221. An Anthropologist LLM to Elicit Users’ Moral Preferences through Role-Play
- Authors: Gianluca De Ninno , Paola Inverardi , Francesca Belotti
- URL: https://arxiv.org/abs/2510.01189
- Abstract:
This study investigates a novel approach to eliciting users’ moral decision-making by combining immersive roleplaying games with LLM analysis capabilities. Building on the distinction introduced by Floridi between hard ethics inspiring and shaping laws-and soft ethics-moral preferences guiding individual behavior within the free space of decisions compliant to laws-we focus on capturing the latter through contextrich, narrative-driven interactions. Grounded in anthropological methods, the role-playing game exposes participants to ethically charged scenarios in the domain of digital privacy. Data collected during the sessions were interpreted by a customized LLM (“GPT Anthropologist”). Evaluation through a cross-validation process shows that both the richness of the data and the interpretive framing significantly enhance the model’s ability to predict user behavior. Results show that LLMs can be effectively employed to automate and enhance the understanding of user moral preferences and decision-making process in the early stages of software development.

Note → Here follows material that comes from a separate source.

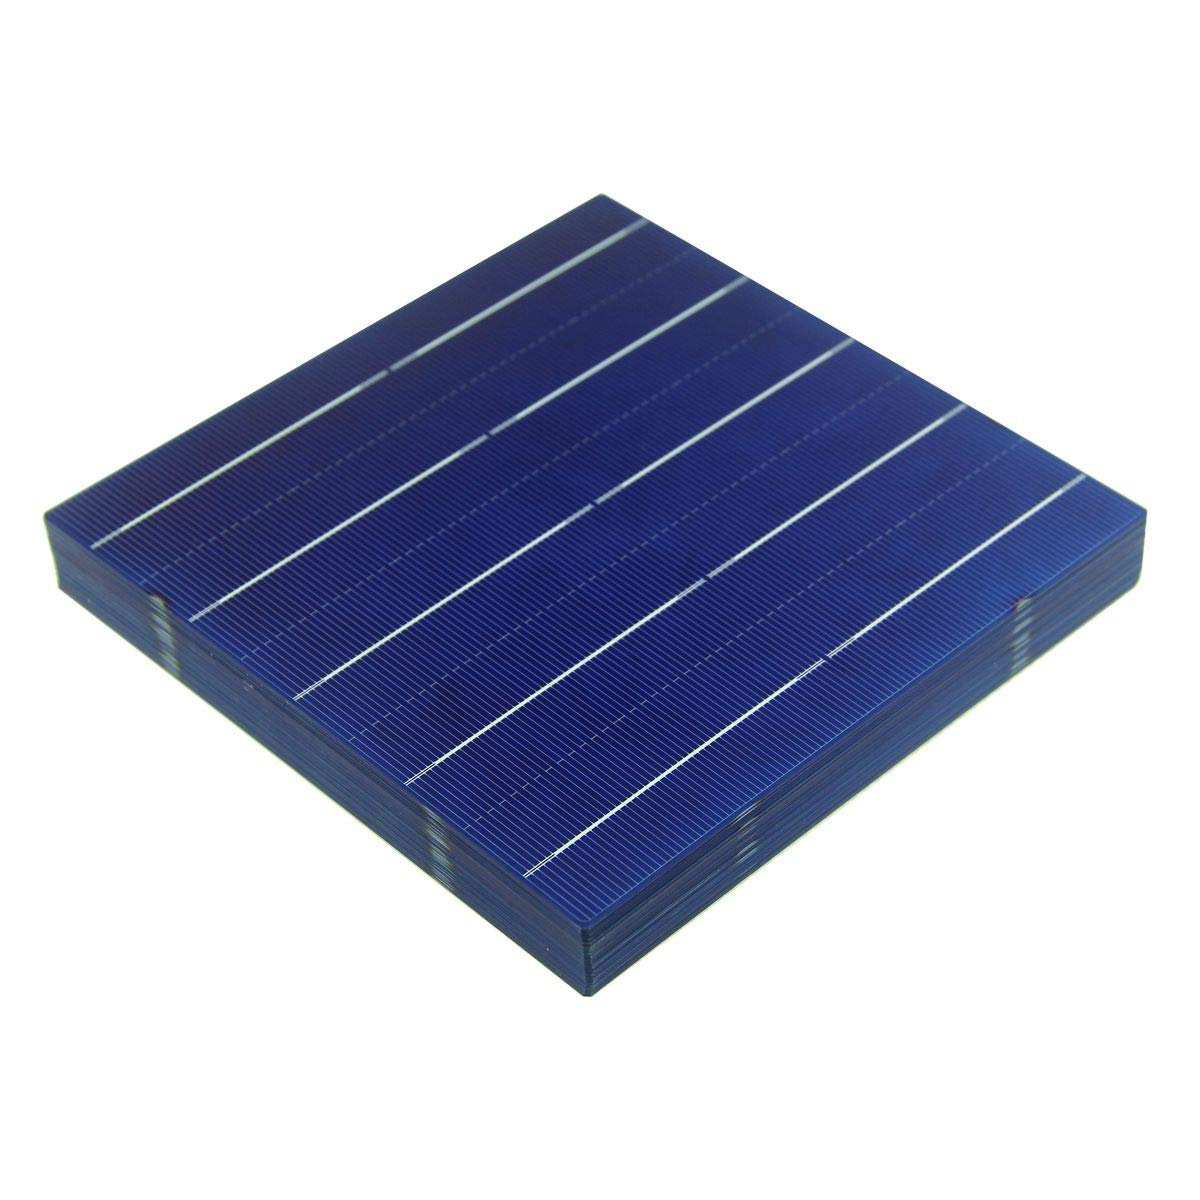 VIKOCELL 156MM 40Pcs 4.5W Polycrystalline Silicon Solar Panel Solar Cells 6×6 for DIY Solar Panel

222. Quantum-Assisted Correlation Clustering
- Authors: Antonio Macaluso , Supreeth Mysore Venkatesh , Diego Arenas , Matthias Klusch , Andreas Dengel
- URL: https://arxiv.org/abs/2509.03561
- Abstract:
This work introduces a hybrid quantum-classical method to correlation clustering, a graph-based unsupervised learning task that seeks to partition the nodes in a graph based on pairwise agreement and disagreement. In particular, we adapt GCS-Q, a quantum-assisted solver originally designed for coalition structure generation, to maximize intra-cluster agreement in signed graphs through recursive divisive partitioning. The proposed method encodes each bipartitioning step as a quadratic unconstrained binary optimization problem, solved via quantum annealing. This integration of quantum optimization within a hierarchical clustering framework enables handling of graphs with arbitrary correlation structures, including negative edges, without relying on metric assumptions or a predefined number of clusters. Empirical evaluations on synthetic signed graphs and real-world hyperspectral imaging data demonstrate that, when adapted for correlation clustering, GCS-Q outperforms classical algorithms in robustness and clustering quality on real-world data and in scenarios with cluster size imbalance. Our results highlight the promise of hybrid quantum-classical optimization for advancing scalable and structurally-aware clustering techniques in graph-based unsupervised learning.